Net Africans will never pay your good deed forward, at least I do not think so; compare that to when Native Americans donated cattle to Ireland in their famine, and 170 years later Ireland returns the favor and sends aid to tribes dealing with COVID. This sort of cross national charity is possible with sophisticated states, but not with net Africans.

I think this is a strange example to choose to support that point. The Irish didn't have a sophisticated state back when the Native Americans donated to them, the Irish tenant farmer had a lot in common with today's net African in his ability to repay. From the point of view of the Native Americans it must have looked like a one time good, straightforward altruism, which is why it made enough of an impression to be remembered nearly 2 centuries later.
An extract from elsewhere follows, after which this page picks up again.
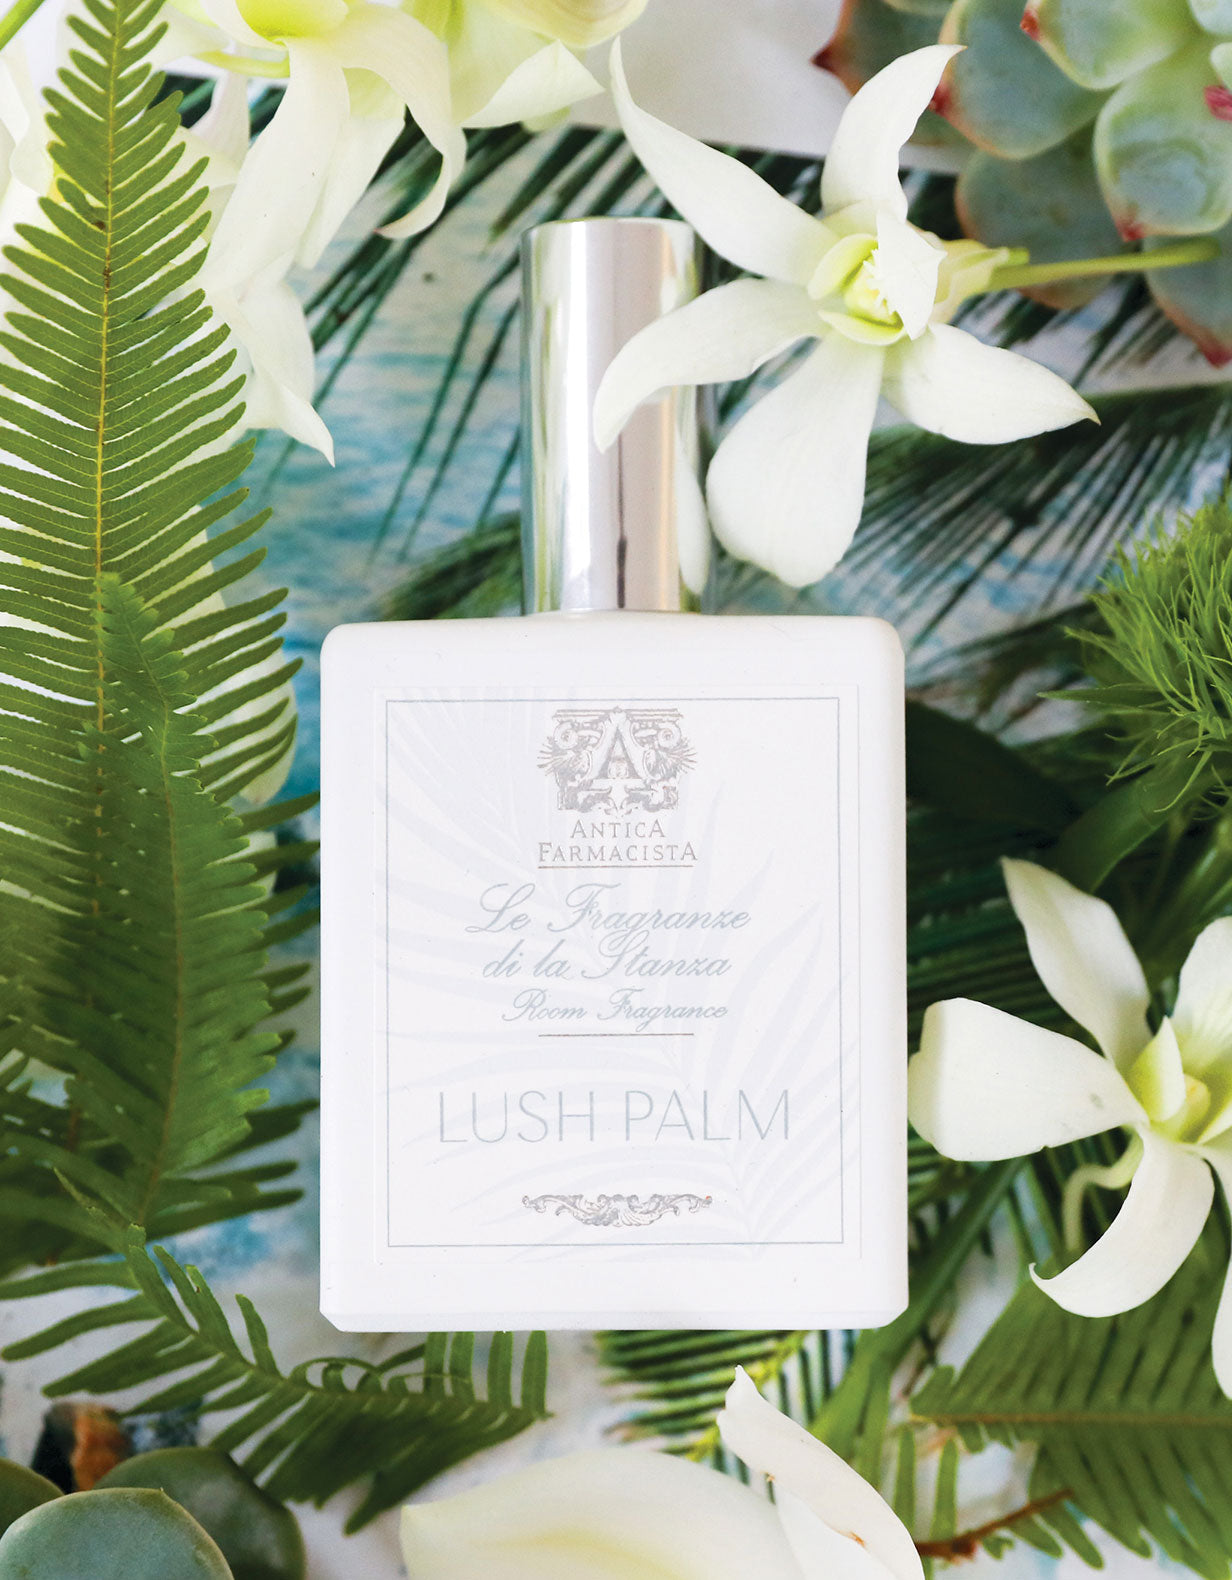 Lush Palm Room Spray

Or maybe they just saw some of themselves in the plight of the Irish, as Devalera put it when he was made a chieftan of the Ojibwe Nation in 1919: “I want to show you that though I am white I am not of the English race. We, like you, are a people who have suffered, and I feel for you with a sympathy that comes only from one who can understand as we Irishmen can.”

As an aside, the Turks are also remembered fondly, and the crescent in Drogheda's crest is often (mistakenly?) thought to originate in the Ottoman Sultan's donation of £1,000 for famine relief.